Integral Image Layer for Deep Neural Networks

In a classical paper [1] from 2001, Viola and Jones popularized the use of large rectangular image filters in order to obtain features for image recognition. The use of very large filters allowed Viola and Jones to compute features over very large receptive fields without blowing up the computation cost. For the next 10+ years, such features remained the staple of fast computer vision (e.g. [2]). The advent of deep learning made the use of integral-image features far less popular. Currently, state-of-the-art architectures invariably relying on very deep architectures. In these architectures sufficiently large receptive fields are obtained via the use of downsampling with subsequent upsampling [3] or via dilated convolutions [4]. All such tricks however have their downsides and usually necessitate the use of very deep networks.

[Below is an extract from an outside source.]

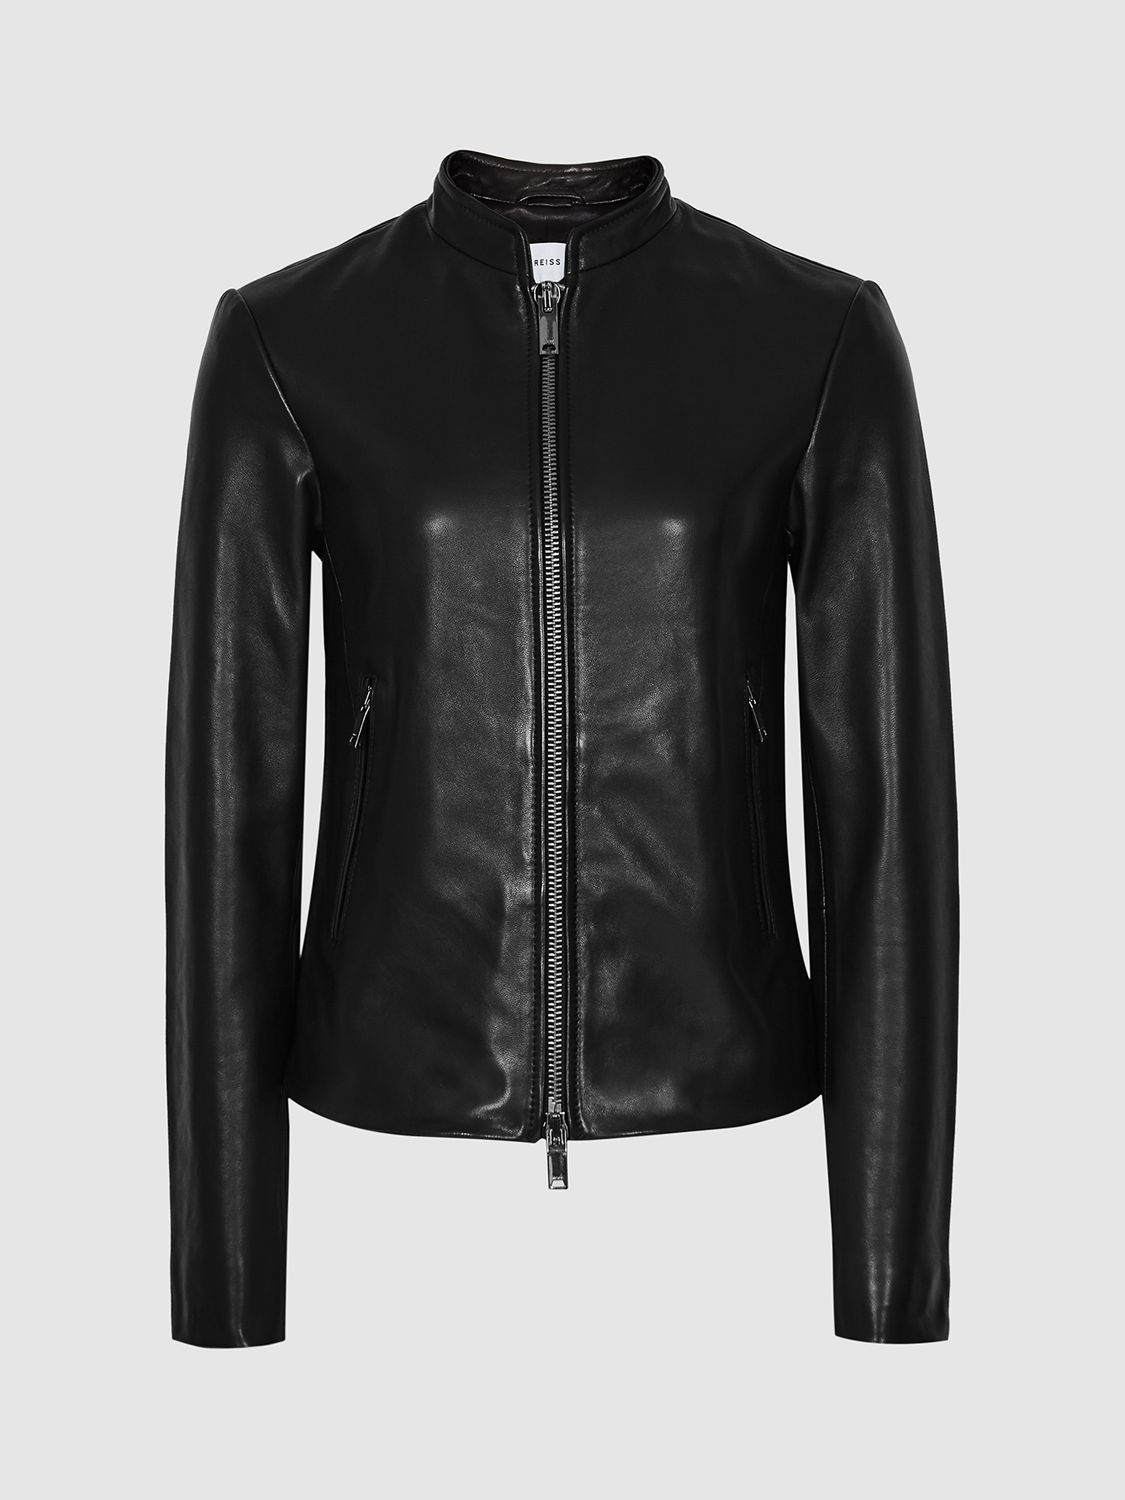 Reiss Allie Leather Biker Jacket, Black, 6

The goal of this project is to implement an integral image-based filtering as a layer for deep architectures in Torch deep learning package, and to evaluate it for the task of learning very fast object detectors (as an alternative to e.g. [5]) and semantic segmentation systems (as an alternative to e.g. [3,4]). The hope is to obtain much shallower architectures, which at least for simple classes (e.g. roadsigns or upright pedestrians) will approach the performance of much deeper ones.

The project is supervised by Victor Lempitsky at Skoltech, Moscow, Russia.

References

[1] Viola, Paul, and Michael J. Jones. "Robust real-time face detection." International journal of computer vision 57.2 (2004): 137-154.

[2] Dollár, Piotr, Serge Belongie, and Pietro Perona. "The Fastest Pedestrian Detector in the West." BMVC. Vol. 2. No. 3. 2010.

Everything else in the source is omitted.